► Gavin Green on roadsters
► The British roadster is dead
► Only one roadster remains, the MX-5
A sage – or was it a cynic? – once remarked that the golden age was never the present. When it comes to driving conditions, our sceptical savant was undoubtedly correct. Traffic, speed cameras and social sentiment have tamed our former exuberance.
When it comes to fine sports cars, though, life has never been so bountiful. From the P1 to the latest Porsche Cayman, from all modern Ferraris to the F-type, from GT-R to GT3. Even the French have rediscovered their joie de vivre, as evinced by the Peugeot RCZ and a menu of spirited Renaults.
Yet in one key area we are a cursed generation. This is due to the almost total extinction of a breed of car that was once the favoured plaything of bright young folk. Ironically, it’s a type of car well suited to today’s driving environment, where fun should be generated by means other than speed and aggression; and where style, agility, a ‘special’ experience and affordability are all prized.
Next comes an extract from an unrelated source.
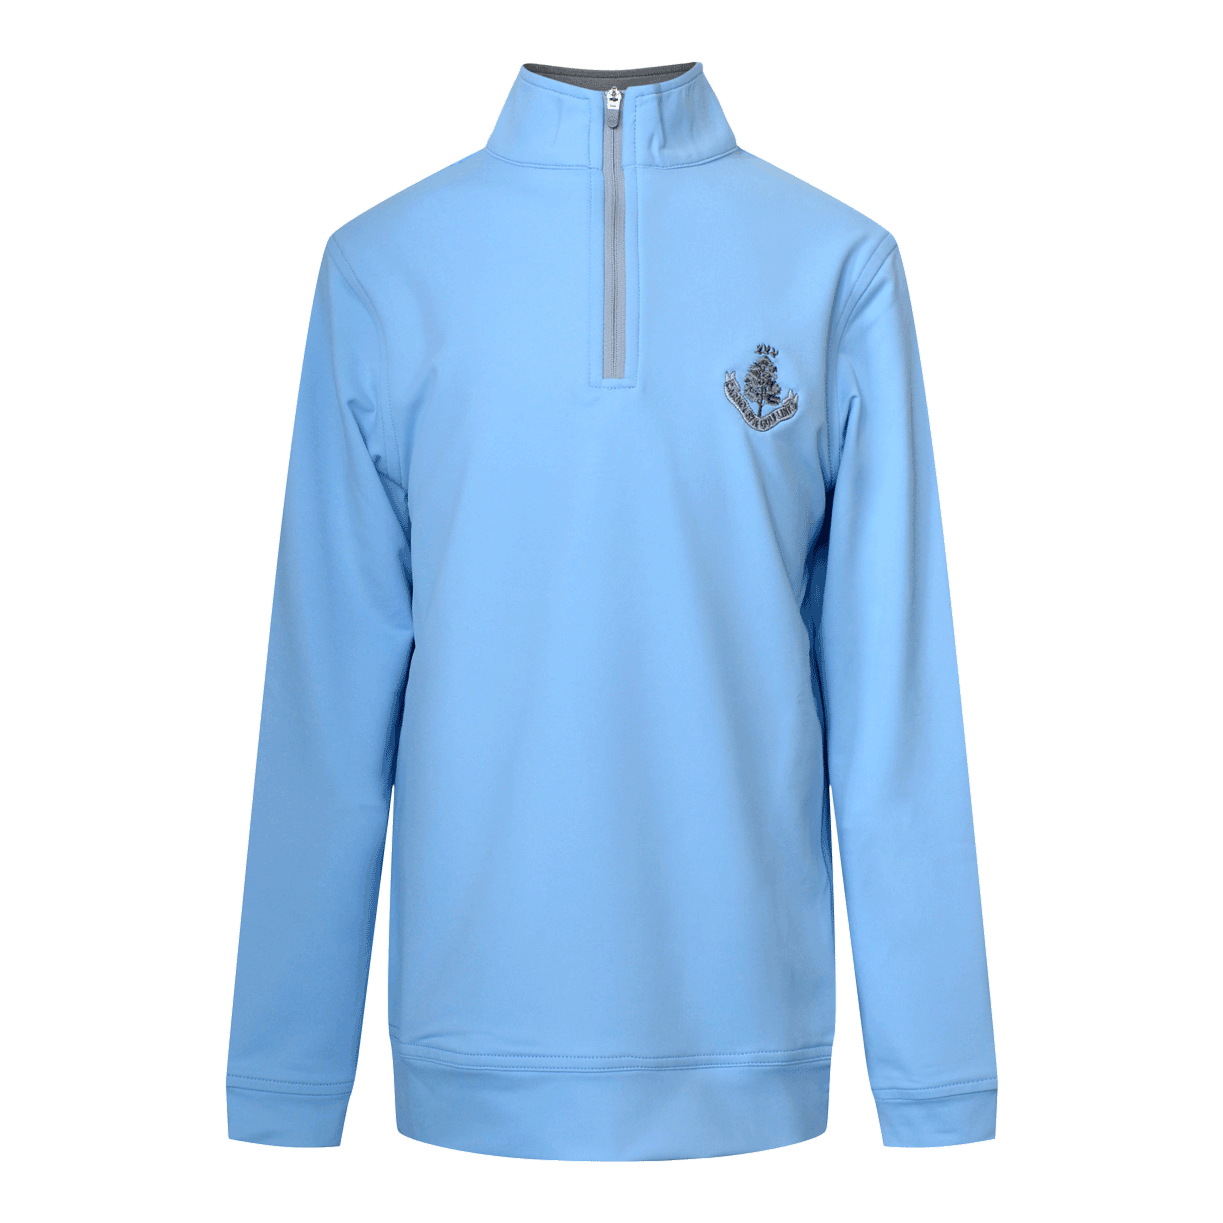 Youth Perth Performance 1/4 Zip - Cottage Blue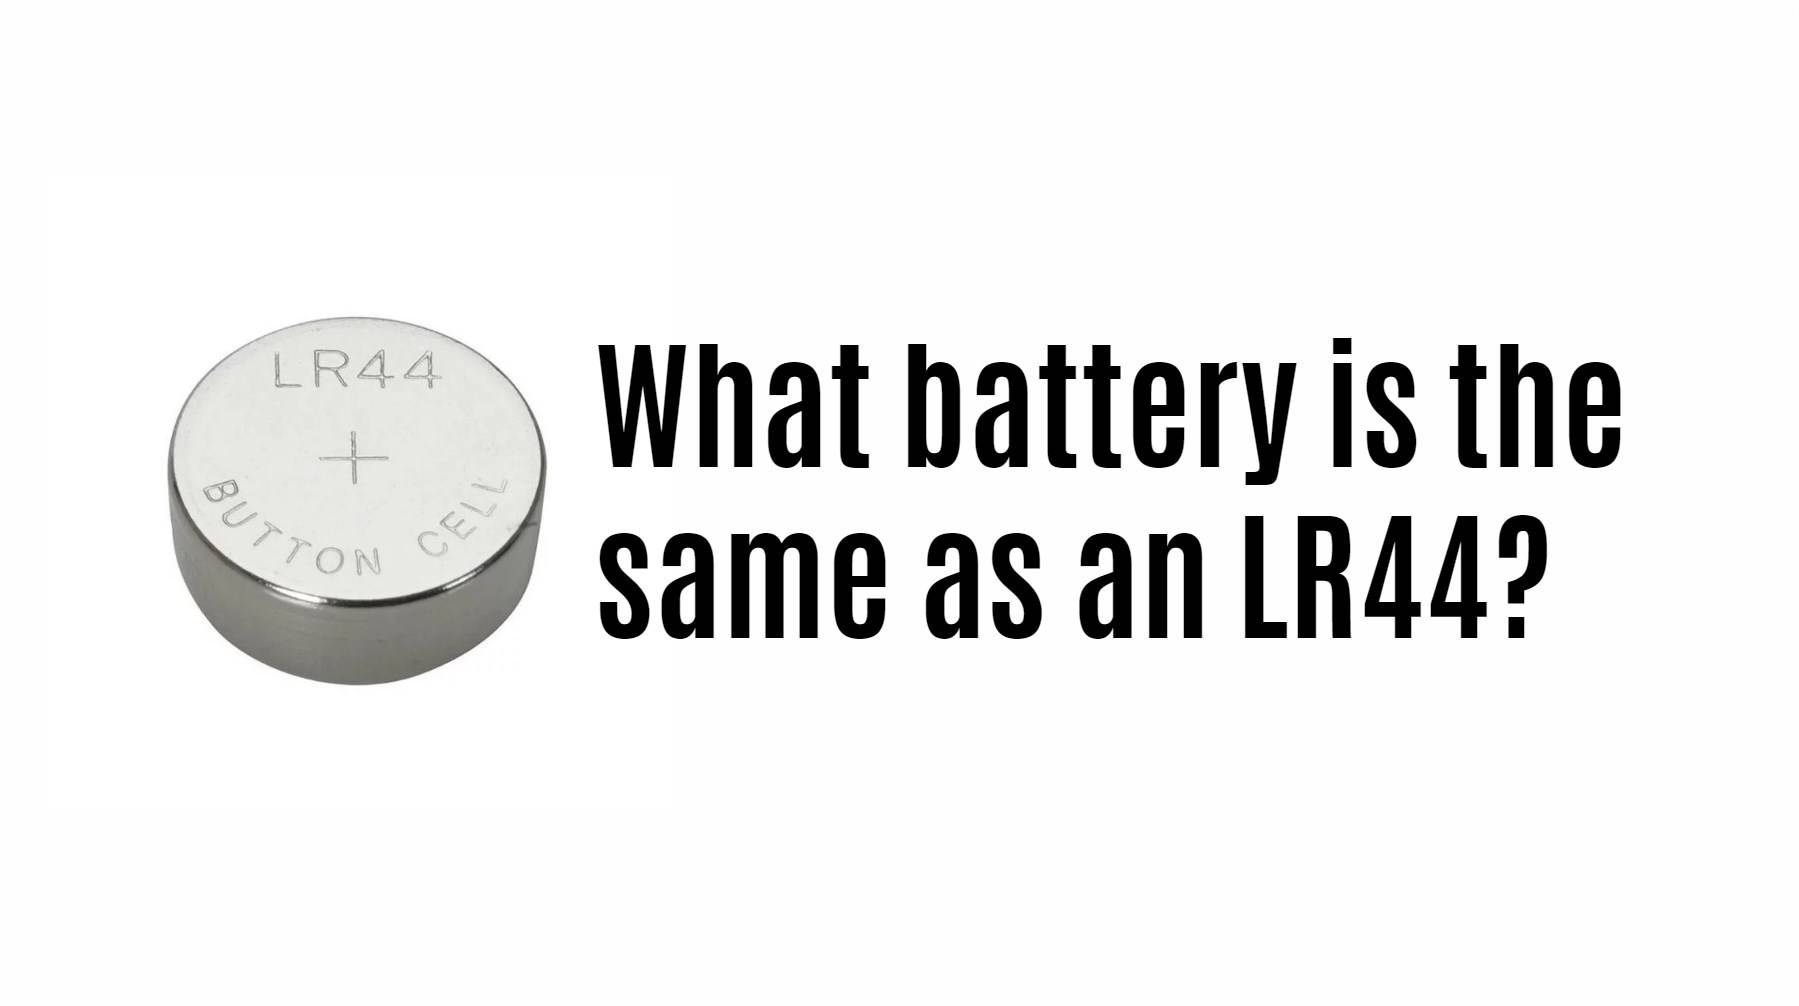 What battery is the same as an LR44?

I refer, of course, to the British roadster. If we were to time-travel back to those happy days of deserted B-roads and no speed limits, we would find these quiet Elysian byways peppered with MGs and open-top Triumphs and – steered by a more serious breed of driver – Lotus Elans and big-engine Austin-Healeys.
Today, like the biplane and the giant beaver, they are all extinct, killed by poor quality (from leaking roofs to seeping sumps), fossilised engineering and no foresight. If we exclude minimalist Caterhams and Westfields, and other raw roadsters that revel in a certain intensity of self-flagellation, only one car maker serves up an affordable British-style roadster: Mazda.
The story of the first MX-5 has been told before, so I will not go into great detail – other than to tell you that the design was partly done by my old tennis partner Tom Matano, was inspired by classic British roadsters, that the Lotus Elan was the role model (a wise choice: the Elan was the best of them all, dynamically); and while MGs, Triumph TRs etc were by then mostly museum pieces, the MX-5 proved a great success. It quickly became the world’s best-selling sports car.
Emboldened by Mazda’s success, some car makers returned to the fold. Fiat launched its sweet and pretty Barchetta (little boat), Alfa Romeo reintroduced the Spider, hoping to ride a tide of roadster (and Graduate) nostalgia; Honda made the high-revving S2000; even Pontiac sold an inexpensive open-top two-seater, the Solstice. The Brits, their intellectual property impugned (nay, improved), briefly came back – remember the MGF? This was a typical Rover Group car: over-complicated, over budget and overwhelmed in the showroom by the MX-5.
For the new Mk4, Mazda focused on improving the best of all MX-5s: the first one. This was the smallest, the lightest, the most agile, the most driver focused. The Mk2 and Mk3 iterations, though unmistakably members of the same noble family, were beefier beasts, more benumbed. Some of that old zestfulness was missing.
So what are the key ingredients that differentiate a ‘British’ roadster from other sporting cars, such as a hot hatch or a pricey Porsche? First, it must be light and small. The Mk4 MX-5 is 55mm shorter than the diminutive original and weighs just 975kg – that’s 150kg less than the (recently deceased) Mini Roadster, a car which brazenly promoted its English roadster roots rather than, as the MX-5 does, subtly conveying the breed’s charm. That’s also 200kg lighter than a Fiesta ST.
Second, it must be rear-wheel drive. For ultimate balance, agility and steerabiity, nothing else will really do. (Ferrari, BMW, Porsche and Lotus – the long-term masters of driving enjoyment – all know this; Alfa Romeo is belatedly rediscovering it.)
Third, it should have two seats only, for more intimacy and less bulk. Plus it should be naturally aspirated, without the huff and puff of a frenzied turbo. Of course, you must rev the engine to generate thrills, but that’s half the fun. Then there’s the sensory wind-in-the-hair pleasure, accessible by the most deliciously easy (manual!) folding roof, one-handed and executed in seconds. Finally, a good ‘British’ roadster must be inexpensive. Happily, the entry level 1.5-litre MX-5 – all you need – is just over £18,000.
The British roadster’s golden age was indeed long ago, in a carefree driving environment far removed from today’s strictures and constraints. Yet the latest MX-5 could well be the ultimate expression of this happy genre.